Records supplied
[Start of section]

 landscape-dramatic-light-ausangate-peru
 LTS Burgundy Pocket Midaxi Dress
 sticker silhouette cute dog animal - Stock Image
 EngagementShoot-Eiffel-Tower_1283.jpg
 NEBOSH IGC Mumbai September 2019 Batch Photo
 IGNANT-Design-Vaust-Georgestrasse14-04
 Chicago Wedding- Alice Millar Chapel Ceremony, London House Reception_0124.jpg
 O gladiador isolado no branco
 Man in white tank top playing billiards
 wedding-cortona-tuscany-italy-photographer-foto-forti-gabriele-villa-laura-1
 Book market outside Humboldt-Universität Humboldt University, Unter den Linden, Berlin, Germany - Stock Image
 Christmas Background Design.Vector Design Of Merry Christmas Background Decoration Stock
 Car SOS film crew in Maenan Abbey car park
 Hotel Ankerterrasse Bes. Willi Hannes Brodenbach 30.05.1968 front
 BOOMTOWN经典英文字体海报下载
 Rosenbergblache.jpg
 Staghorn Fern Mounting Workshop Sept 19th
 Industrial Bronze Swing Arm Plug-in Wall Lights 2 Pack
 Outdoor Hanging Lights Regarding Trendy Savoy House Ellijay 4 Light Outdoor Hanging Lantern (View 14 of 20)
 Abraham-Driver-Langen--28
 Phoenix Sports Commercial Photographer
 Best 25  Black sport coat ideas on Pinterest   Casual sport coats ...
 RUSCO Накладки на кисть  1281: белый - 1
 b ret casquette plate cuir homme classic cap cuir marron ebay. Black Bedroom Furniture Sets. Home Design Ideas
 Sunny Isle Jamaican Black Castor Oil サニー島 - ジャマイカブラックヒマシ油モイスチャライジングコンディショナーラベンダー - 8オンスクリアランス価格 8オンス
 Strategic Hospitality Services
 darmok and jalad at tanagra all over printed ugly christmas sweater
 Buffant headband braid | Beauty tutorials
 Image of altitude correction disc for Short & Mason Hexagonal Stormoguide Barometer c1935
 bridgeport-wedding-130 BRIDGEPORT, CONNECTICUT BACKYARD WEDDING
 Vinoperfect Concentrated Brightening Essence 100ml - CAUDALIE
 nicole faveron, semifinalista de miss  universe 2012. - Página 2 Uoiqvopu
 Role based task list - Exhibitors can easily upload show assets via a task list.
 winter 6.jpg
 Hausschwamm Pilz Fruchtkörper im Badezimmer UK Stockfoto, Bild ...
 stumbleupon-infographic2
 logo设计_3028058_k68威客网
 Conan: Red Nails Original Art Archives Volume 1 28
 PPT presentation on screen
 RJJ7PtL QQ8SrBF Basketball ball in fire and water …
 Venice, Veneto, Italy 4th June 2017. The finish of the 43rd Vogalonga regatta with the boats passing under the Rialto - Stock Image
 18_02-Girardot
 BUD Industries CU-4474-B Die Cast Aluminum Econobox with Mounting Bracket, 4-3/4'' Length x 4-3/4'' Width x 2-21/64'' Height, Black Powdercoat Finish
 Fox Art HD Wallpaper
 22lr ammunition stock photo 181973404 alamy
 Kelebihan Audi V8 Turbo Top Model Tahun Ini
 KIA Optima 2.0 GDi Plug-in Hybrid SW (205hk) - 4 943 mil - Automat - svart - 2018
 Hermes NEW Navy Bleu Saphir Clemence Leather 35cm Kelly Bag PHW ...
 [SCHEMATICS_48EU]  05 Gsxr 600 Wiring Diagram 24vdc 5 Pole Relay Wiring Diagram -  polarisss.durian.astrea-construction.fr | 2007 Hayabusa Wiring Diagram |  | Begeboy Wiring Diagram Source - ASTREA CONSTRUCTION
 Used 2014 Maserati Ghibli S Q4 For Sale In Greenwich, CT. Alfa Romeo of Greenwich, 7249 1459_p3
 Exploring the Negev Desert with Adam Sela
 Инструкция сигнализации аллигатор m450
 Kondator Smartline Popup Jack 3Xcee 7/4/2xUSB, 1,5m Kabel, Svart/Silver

[End of section]

Task brief
Would you restate all of the material, word for word?

The answer
 landscape-dramatic-light-ausangate-peru
 LTS Burgundy Pocket Midaxi Dress
 sticker silhouette cute dog animal - Stock Image
 EngagementShoot-Eiffel-Tower_1283.jpg
 NEBOSH IGC Mumbai September 2019 Batch Photo
 IGNANT-Design-Vaust-Georgestrasse14-04
 Chicago Wedding- Alice Millar Chapel Ceremony, London House Reception_0124.jpg
 O gladiador isolado no branco
 Man in white tank top playing billiards
 wedding-cortona-tuscany-italy-photographer-foto-forti-gabriele-villa-laura-1
 Book market outside Humboldt-Universität Humboldt University, Unter den Linden, Berlin, Germany - Stock Image
 Christmas Background Design.Vector Design Of Merry Christmas Background Decoration Stock
 Car SOS film crew in Maenan Abbey car park
 Hotel Ankerterrasse Bes. Willi Hannes Brodenbach 30.05.1968 front
 BOOMTOWN经典英文字体海报下载
 Rosenbergblache.jpg
 Staghorn Fern Mounting Workshop Sept 19th
 Industrial Bronze Swing Arm Plug-in Wall Lights 2 Pack
 Outdoor Hanging Lights Regarding Trendy Savoy House Ellijay 4 Light Outdoor Hanging Lantern (View 14 of 20)
 Abraham-Driver-Langen--28
 Phoenix Sports Commercial Photographer
 Best 25  Black sport coat ideas on Pinterest   Casual sport coats ...
 RUSCO Накладки на кисть  1281: белый - 1
 b ret casquette plate cuir homme classic cap cuir marron ebay. Black Bedroom Furniture Sets. Home Design Ideas
 Sunny Isle Jamaican Black Castor Oil サニー島 - ジャマイカブラックヒマシ油モイスチャライジングコンディショナーラベンダー - 8オンスクリアランス価格 8オンス
 Strategic Hospitality Services
 darmok and jalad at tanagra all over printed ugly christmas sweater
 Buffant headband braid | Beauty tutorials
 Image of altitude correction disc for Short & Mason Hexagonal Stormoguide Barometer c1935
 bridgeport-wedding-130 BRIDGEPORT, CONNECTICUT BACKYARD WEDDING
 Vinoperfect Concentrated Brightening Essence 100ml - CAUDALIE
 nicole faveron, semifinalista de miss  universe 2012. - Página 2 Uoiqvopu
 Role based task list - Exhibitors can easily upload show assets via a task list.
 winter 6.jpg
 Hausschwamm Pilz Fruchtkörper im Badezimmer UK Stockfoto, Bild ...
 stumbleupon-infographic2
 logo设计_3028058_k68威客网
 Conan: Red Nails Original Art Archives Volume 1 28
 PPT presentation on screen
 RJJ7PtL QQ8SrBF Basketball ball in fire and water …
 Venice, Veneto, Italy 4th June 2017. The finish of the 43rd Vogalonga regatta with the boats passing under the Rialto - Stock Image
 18_02-Girardot
 BUD Industries CU-4474-B Die Cast Aluminum Econobox with Mounting Bracket, 4-3/4'' Length x 4-3/4'' Width x 2-21/64'' Height, Black Powdercoat Finish
 Fox Art HD Wallpaper
 22lr ammunition stock photo 181973404 alamy
 Kelebihan Audi V8 Turbo Top Model Tahun Ini
 KIA Optima 2.0 GDi Plug-in Hybrid SW (205hk) - 4 943 mil - Automat - svart - 2018
 Hermes NEW Navy Bleu Saphir Clemence Leather 35cm Kelly Bag PHW ...
 [SCHEMATICS_48EU]  05 Gsxr 600 Wiring Diagram 24vdc 5 Pole Relay Wiring Diagram -  polarisss.durian.astrea-construction.fr | 2007 Hayabusa Wiring Diagram |  | Begeboy Wiring Diagram Source - ASTREA CONSTRUCTION
 Used 2014 Maserati Ghibli S Q4 For Sale In Greenwich, CT. Alfa Romeo of Greenwich, 7249 1459_p3
 Exploring the Negev Desert with Adam Sela
 Инструкция сигнализации аллигатор m450
 Kondator Smartline Popup Jack 3Xcee 7/4/2xUSB, 1,5m Kabel, Svart/Silver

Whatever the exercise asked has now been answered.